Ik ben bang dat er nu al bestuurders zitten uit te rekenen wat het gaat opleveren als we een bachelorprogramma Taal en tanks instellen: een opleiding waar je Frans, Duits, Engels en Oekraïens leert, en tegelijkertijd van alles over effectieve propagandatechnieken. En dat er allerlei cool onderzoek gevonden gaat worden die we kunnen doen voor het leger.
Verlokkingen
Wat is daar precies op tegen? Mij lijkt dat de georganiseerde wetenschap altijd verbonden is met een ideaal: dat van een mensheid die kennis vergaart en die kennis allemaal deelt – in ieder geval met vakgenoten van over de hele wereld. Werken voor een leger gaat (net als trouwens werken voor veel bedrijven) in tegen dat ideaal. Het leger heeft niet veel aan kennis die het moet delen met de rest van de wereld.
De wetenschap is gebaseerd op principes van samenwerking, het leger op dat van antagonisme.
Een land dat zijn wetenschappelijk onderzoek achter gesloten deuren van de geheime dienst plaatst, is een arm land. Er is die bekende, apocriefe anekdote over Winston Churchill: toen ministers hem tijdens de oorlog adviseerden te bezuinigen op kunst en cultuur, vroeg hij: ‘Maar waar vechten we dan voor?’ Vrienden met wie ik dit de laatste dagen besprak, zeiden: ‘Maar Chomsky dan?’ Iedereen weet immers dat een van de grootste critici van het militair-industriële complex zijn carrière begon bij MIT, gefinancierd door een beurs om aan een vertaalcomputer mee te werken.
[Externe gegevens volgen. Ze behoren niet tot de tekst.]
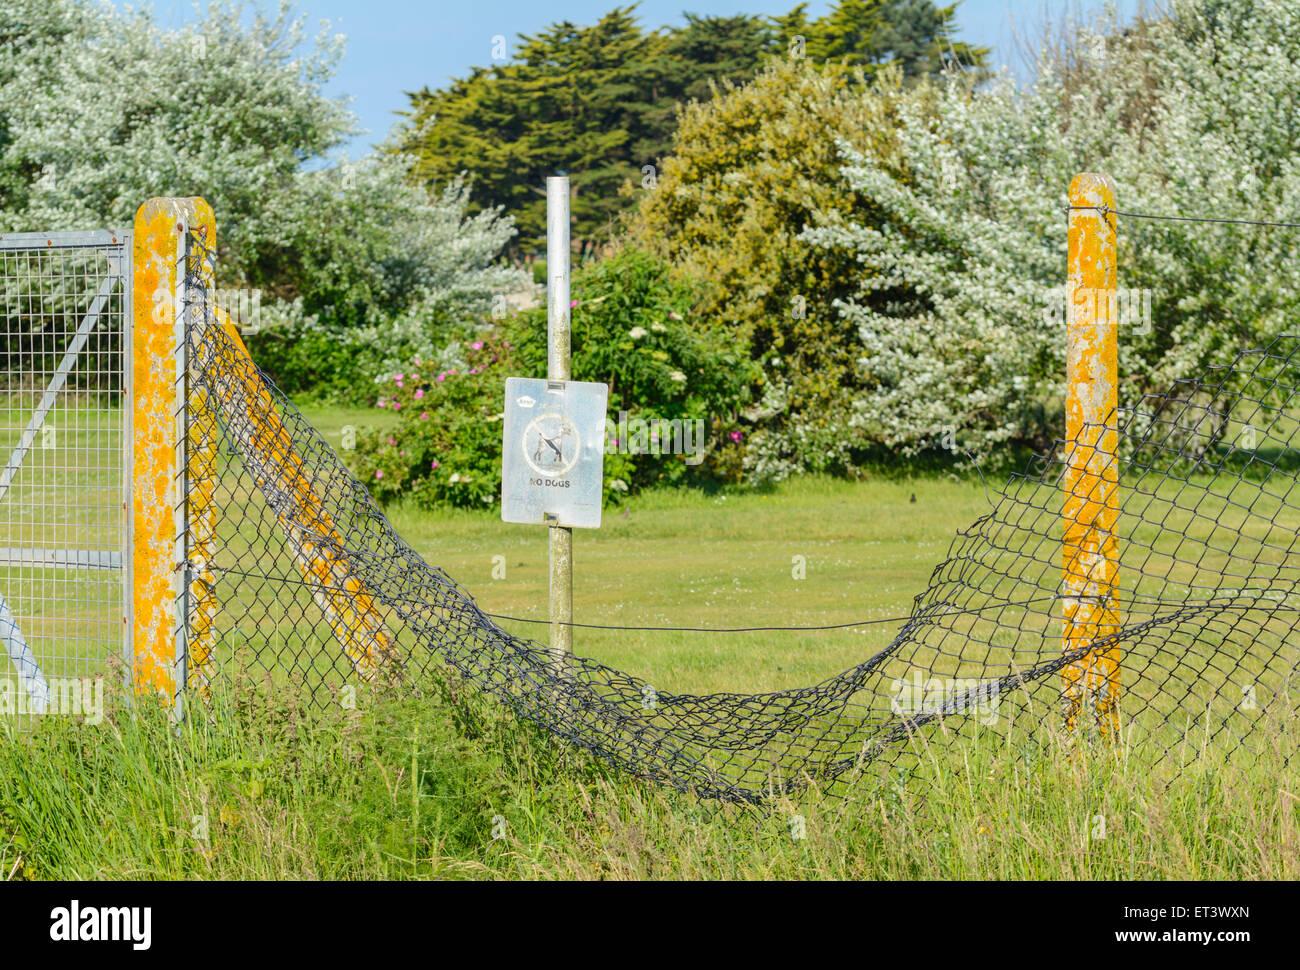 Vandalised mesh metal fence. - Stock Image

Maar dat was in de jaren vijftig, de koudste jaren van de Koude Oorlog – ik zie weinig reden om naar die tijd terug te verlangen.
Kennis die geheim moet blijven, is geen echte kennis. Wie een kennisvoorsprong heeft, moet altijd proberen de ander te laten bijbenen – dat is de beste garantie op verdere vooruitgang. Wetenschap zou niet moeten werken voor een leger dat ons beschermt tegen wat een radicaal-rechtse regering als de vijand beschouwt. Maar de verlokkingen van die miljarden zijn er nu. Ik ben daar niet gerust op.